What does the Realtime API actually cost?
Pricing at GA is $32 per million audio input tokens and $64 per million audio output tokens. Audio input that hits the cache costs 80% less — dropping to $0.40 per million tokens. Text input to the same model can also be cached at 50% off.
OpenAI reports that a typical 15-minute conversation now costs about 30% less than when the Realtime API first launched in beta. The exact per-session cost depends on how much of the conversation context is cached versus fresh, and how much the model speaks versus listens. For a customer support call where the agent reads from a consistent system prompt, caching can dramatically reduce the effective cost per session.
Who should build with this now?
The GA label matters for procurement and security reviews. Enterprise teams that were waiting for the beta designation to drop before evaluating the Realtime API for production use can move forward now. The SIP integration in particular unlocks a whole category of voice automation use cases that were impractical to build before — anything that needs to call or be called on a regular phone number.
For creators and smaller teams building AI-powered products, the price improvement and the expanded voice set make now a good time to experiment. The five new voices are noticeably more expressive than what shipped in beta, which matters if your product's personality depends on how it sounds.
The creator angle
I have been paying attention to the Realtime API since it launched in beta, mostly because it is the clearest path to building AI assistants that do not feel robotic. The latency problem that plagued early voice AI demos — the half-second pause before every response — is largely solved here. The SIP support is what has me excited for builders. Adding phone calling capability to an AI assistant is the kind of step-change that creates genuinely new product categories, and it is now available without a specialized telephony vendor.
Frequently asked questions
Is the OpenAI Realtime API beta still available?
No. The Realtime API beta was deprecated on May 12, 2026. All production traffic should now use the GA Realtime API endpoint. Apps still using the beta interface need to migrate immediately.
What is the pricing for the OpenAI Realtime API in 2026?

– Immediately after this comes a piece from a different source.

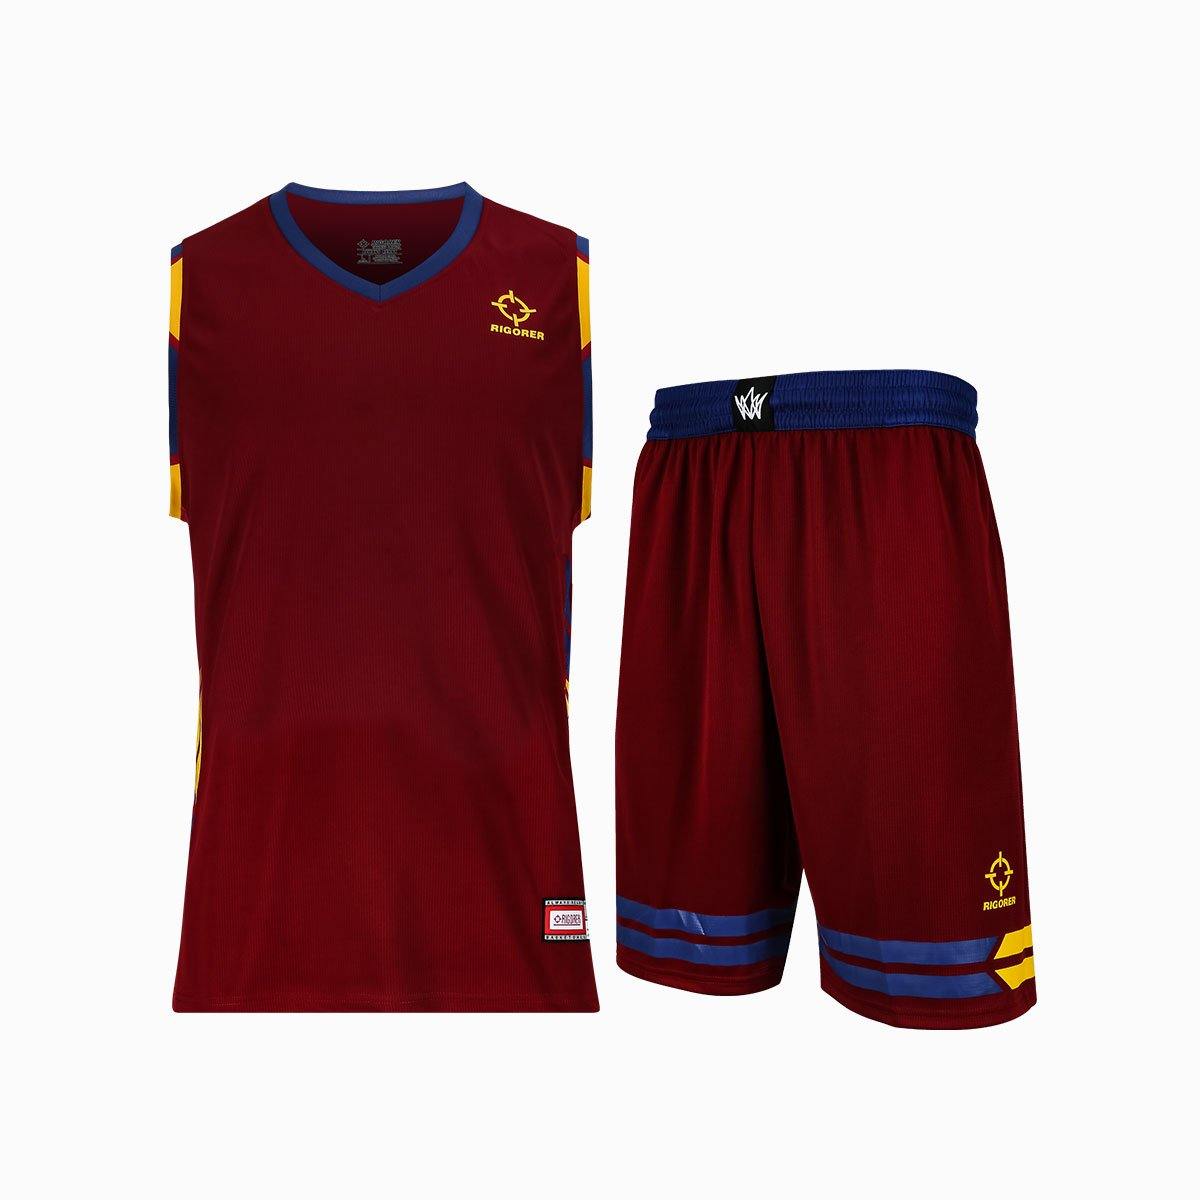 Polyester Men's Sports Wear Basketball Uniform Jersey Set - Rigorer Official Flagship Store

The GA Realtime API charges $32 per million audio input tokens and $64 per million audio output tokens. Cached audio input drops to $0.40 per million tokens — an 80% reduction. A typical 15-minute session costs approximately 30% less than at the beta launch.
Does the Realtime API support phone calls?
Yes. The GA release added Session Initiation Protocol — SIP — support, which allows voice agents built on the gpt-realtime model to make and receive actual phone calls through standard telephone infrastructure, without a separate telephony middleware layer.